7 mars 2008 – Israël au Salon du livre : La LDH invite les organisateurs à faire preuve d’ouverture pour favoriser le dialogue

Le SNE a décidé d’inviter au salon du livre 2008 l’Etat d’Israël. Cette invitation n’est pas en soi contestable, compte tenu du principe habituel que ce sont toujours les Etats qui sont invités à cette manifestation.

 

Mais il était évident que l’année où Israël fête son 60ème anniversaire étant aussi celle où les Palestiniens commémorent la « nakbah », cette invitation allait susciter des réactions. Or les organisateurs n’ont pas saisi l’opportunité d’organiser un véritable dialogue en ignorant non seulement les écrivains palestiniens mais aussi les écrivains israéliens de langue arabe.

 

En décidant de soutenir financièrement la participation des seuls auteurs s’exprimant en langue hébraïque, les ministères français de la Culture (et en particulier le Centre national du livre) et des Affaires étrangères ont commis une faute et déclenché les cascades de réactions auxquelles il fallait s’attendre. En invitant l’Inde l’an dernier, les mêmes n’avaient pas commis l’erreur de ne soutenir que les écrivains s’exprimant  en hindi.

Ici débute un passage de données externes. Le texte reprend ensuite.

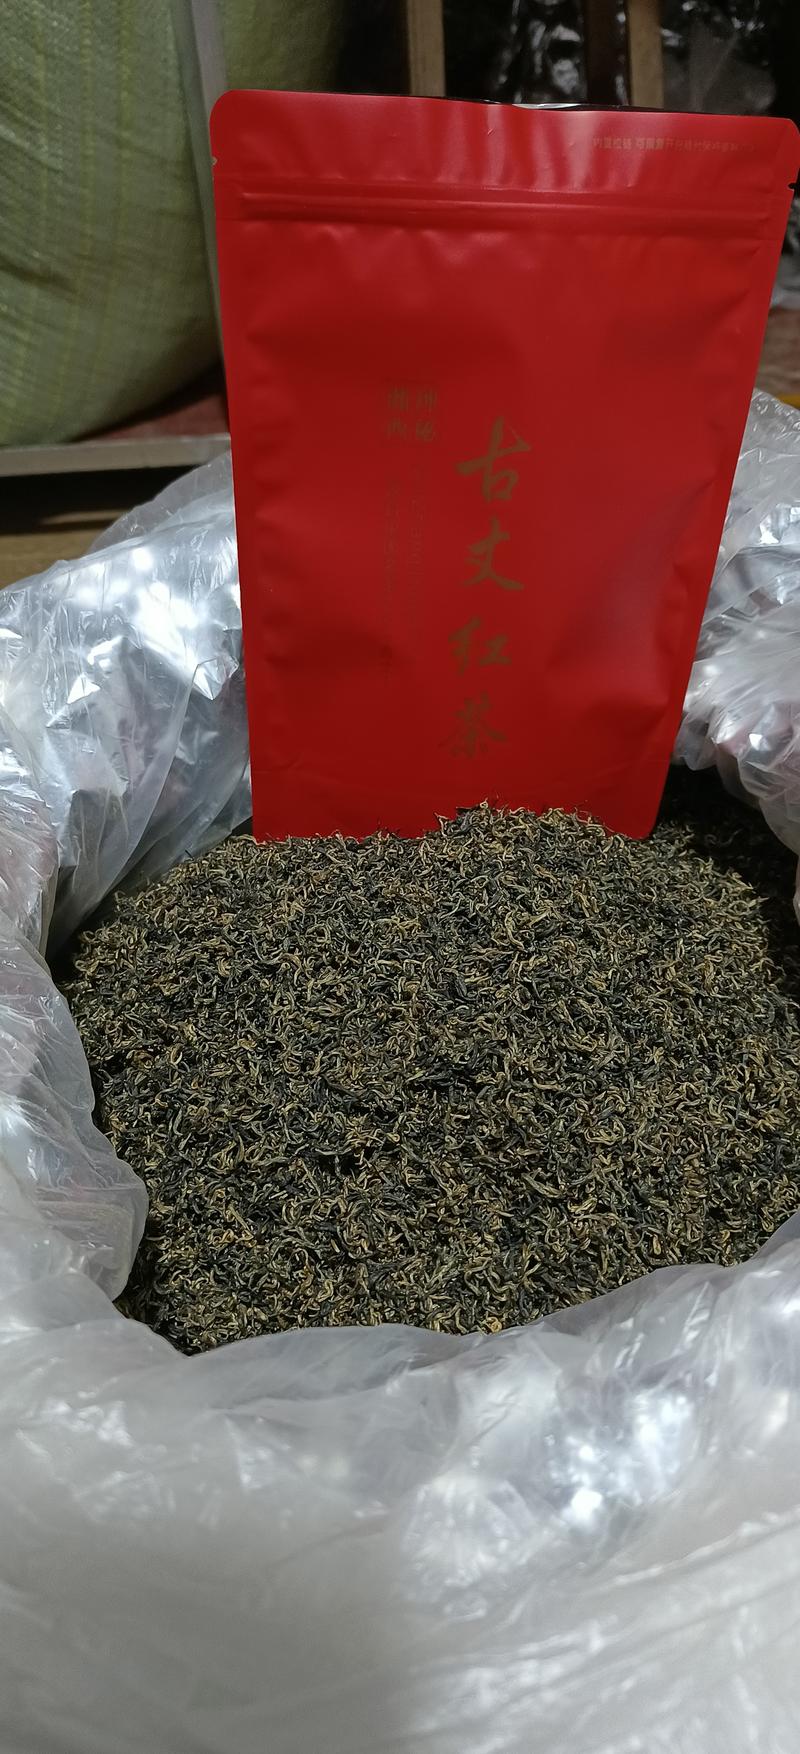 湖南湘西古丈红茶稳定上市全国包邮

Réparer, tel est maintenant leur devoir.

 

Face à une invitation aussi déséquilibrée, l’Union des écrivains palestiniens, comme la majeure partie des pays arabes, appelle à boycotter le Salon du livre. Opérations militaires et attentats terroristes se déroulent dans le même temps que les déclarations des uns et des autres s’enveniment au sujet du Salon du livre transformé en terrain d’affrontement et de rapport de forces par les maladresses des organisateurs officiels français. Quel gâchis !

 

Dans cette situation qu’ils ont provoquée, le devoir du gouvernement français et du Syndicat national de l’édition est de rendre possible le débat, et de faire en sorte que ceux qui pensent devoir refuser le dialogue en utilisant l’arme du boycott, en l’espèce regrettable, changent d’avis. Car il est d’une importance capitale que dans ce contexte, l’échange culturel ait lieu.

 

Il convient de mettre en avant les auteurs eux-mêmes. D’une part, les écrivains israéliens, dont certains ont des positions très opposées à celle de leur gouvernement, ne doivent pas être utilisés comme étendards de leur pays, mais considérés comme les écrivains libres qu’ils sont. Dès lors, la venue du chef de l’Etat d’Israël dans le cadre du salon lui-même ne paraît pas de nature à favoriser le dialogue. D’autre part, les écrivains israélo-palestiniens s’exprimant en arabe doivent être invités avec leur éditeur de toute urgence, dans les mêmes conditions que leurs confrères s’exprimant en hébreu. Les écrivains palestiniens ainsi que leurs éditeurs doivent être aidés financièrement pour pouvoir venir débattre. 

 

L’inauguration du prochain Salon du livre peut et doit se transformer en événement culturel et la LDH contribuera au dialogue des cultures qui doit avoir lieu, au-delà des clivages et des tensions politiques, à la condition que les moyens de ce dialogue soient réellement mis en œuvre.